** Problem to work on **
Please transcribe the data that follows exactly as given, leaving out every picture.

** Given data **

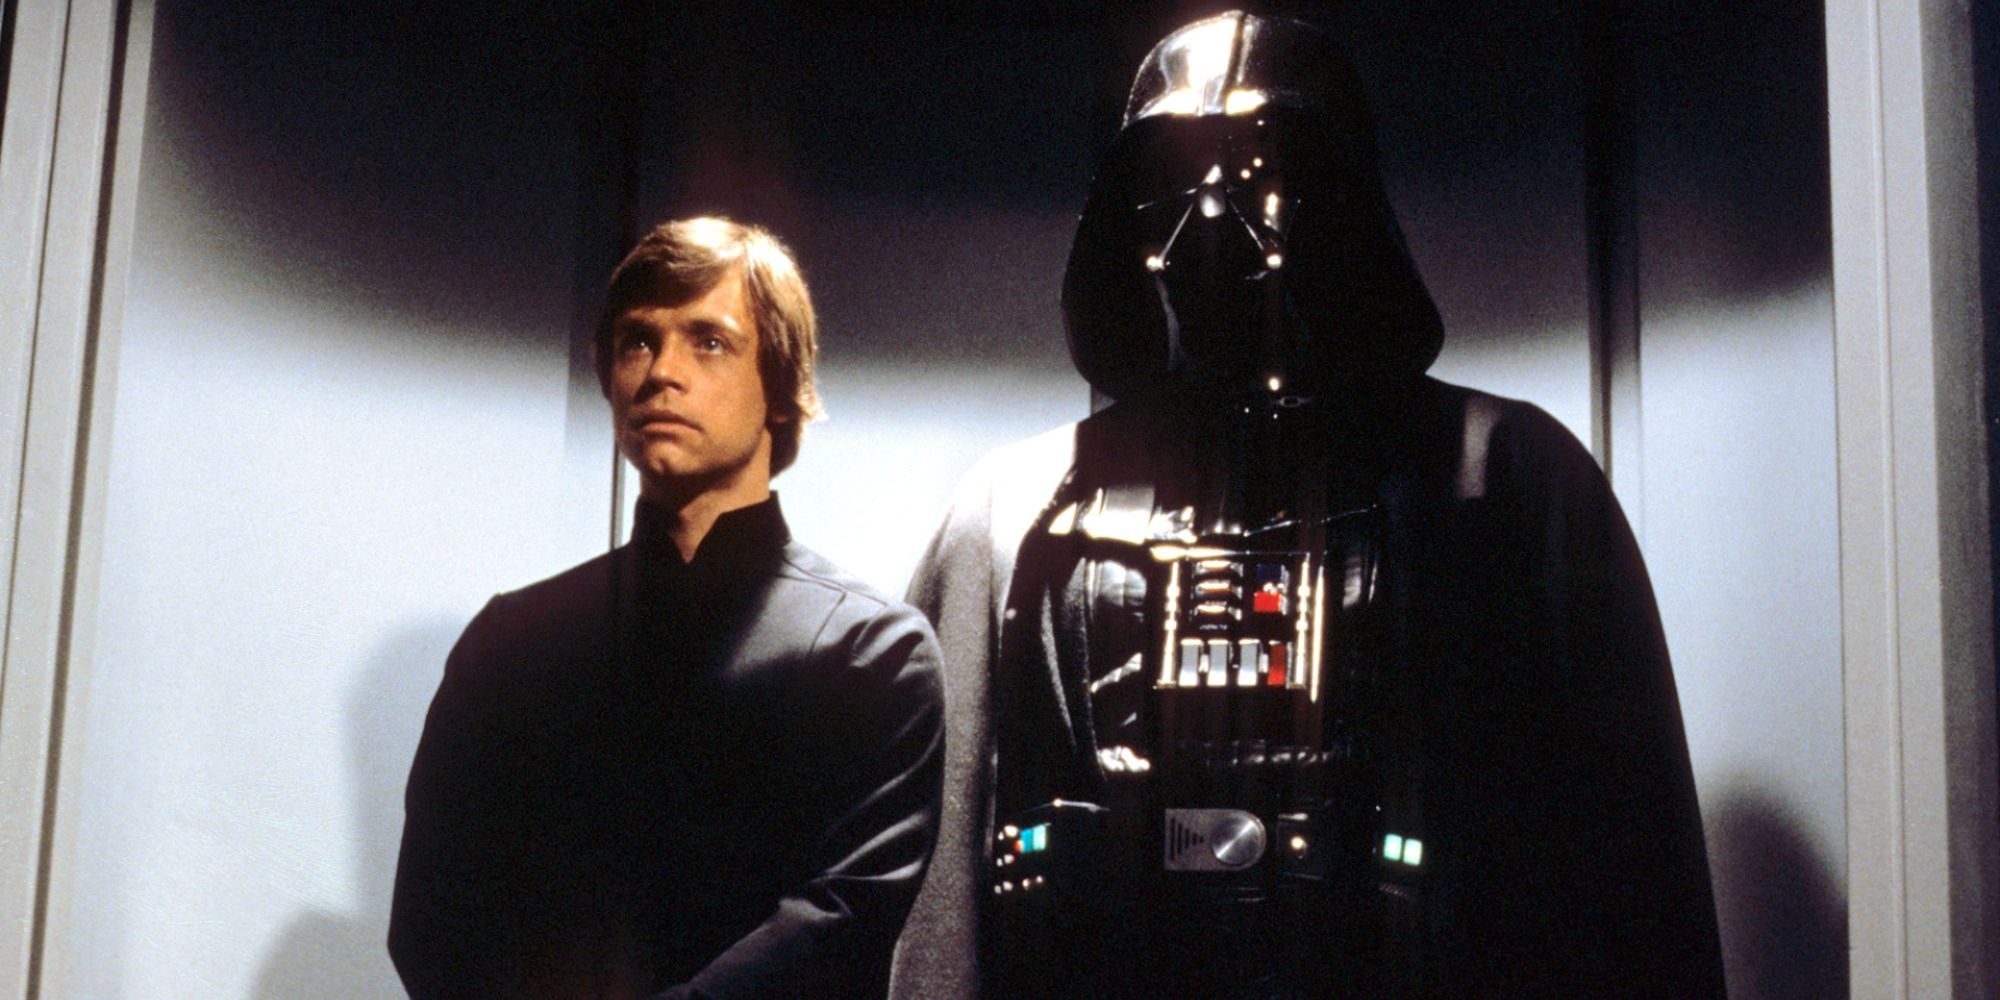 Luke Skywalker standing next to Darth Vader
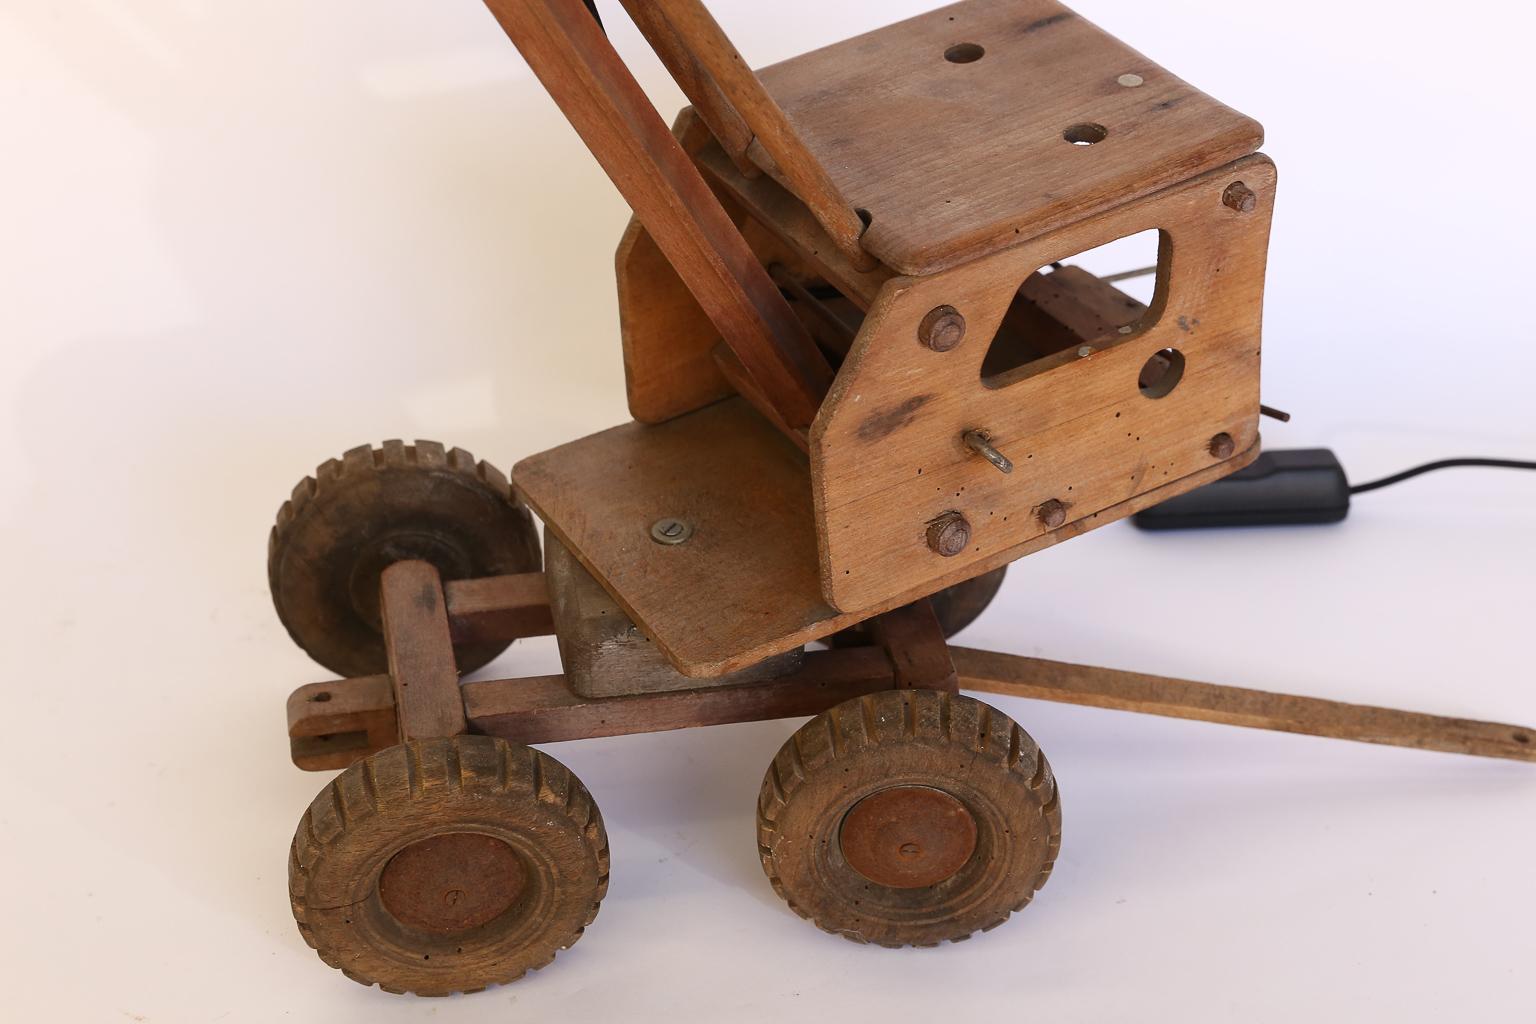 European Vintage Wood Toy Crane Repurposed as a Table Lamp
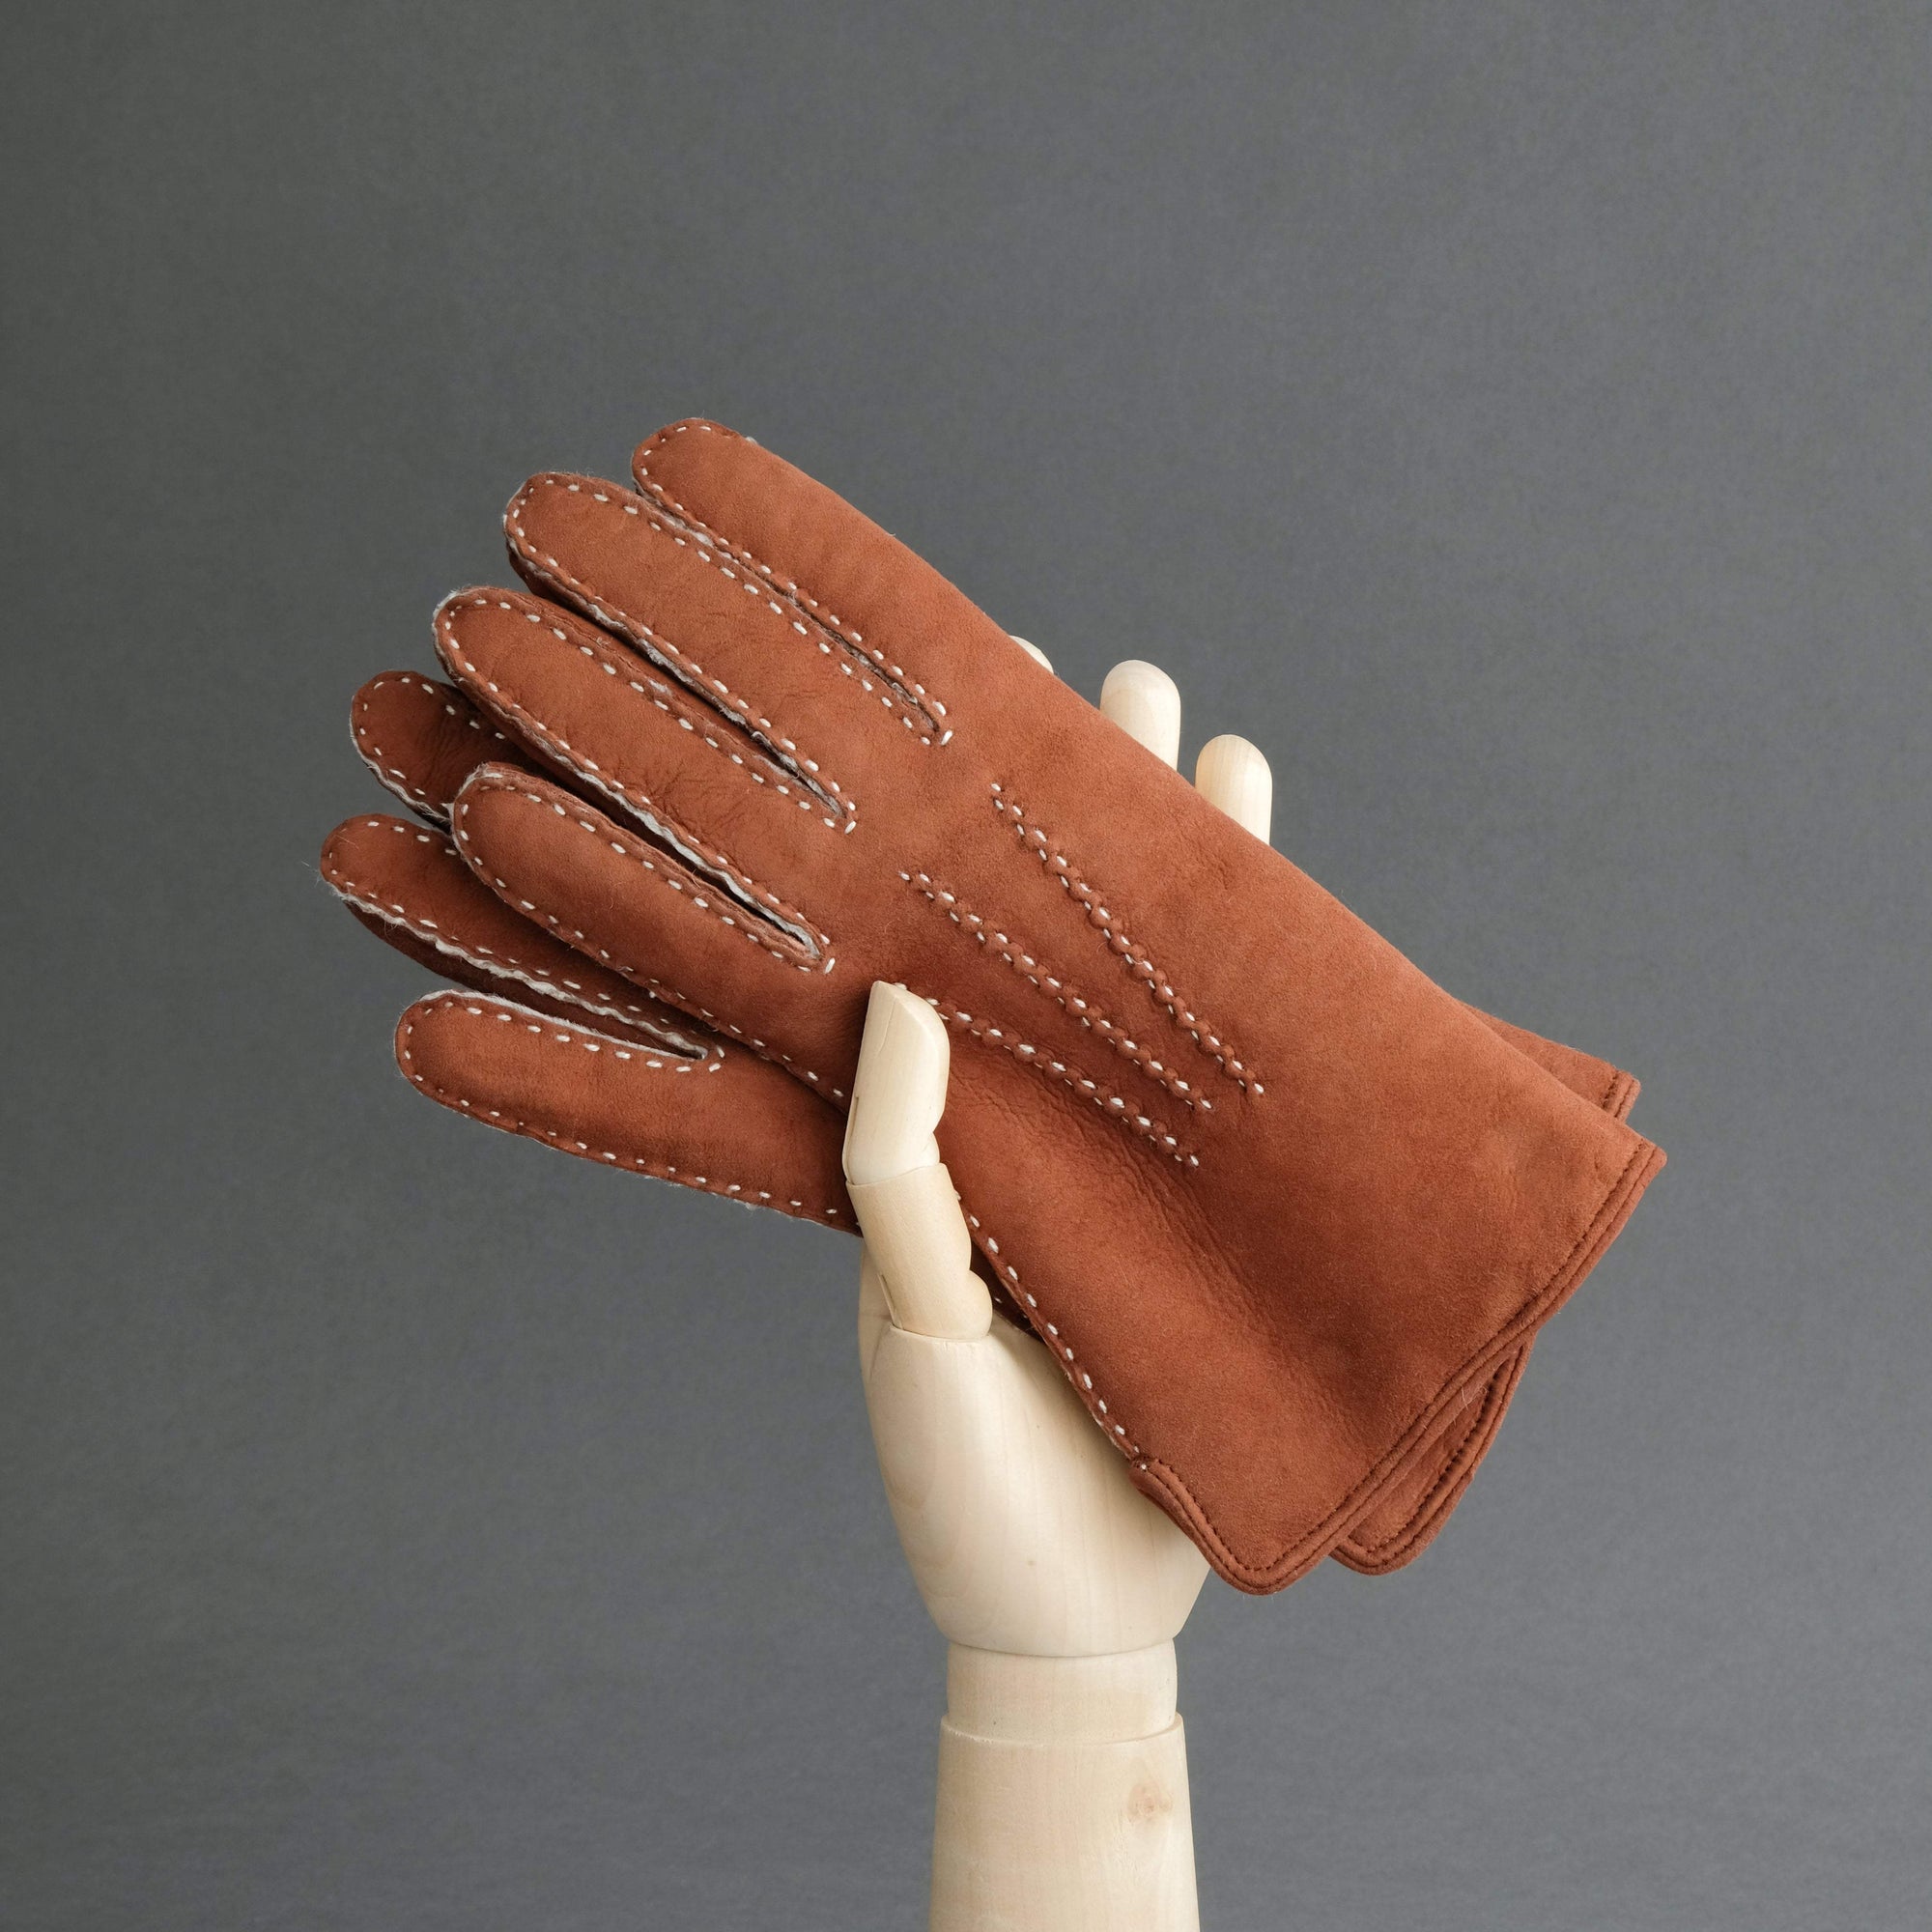 Ladies Hand Sewn Gloves From Rust Curly Lambskin - TR Handschuhe Wien - Thomas Riemer Handmade Gloves

** Output of the task **
 Luke Skywalker standing next to Darth Vader
 European Vintage Wood Toy Crane Repurposed as a Table Lamp
 Ladies Hand Sewn Gloves From Rust Curly Lambskin - TR Handschuhe Wien - Thomas Riemer Handmade Gloves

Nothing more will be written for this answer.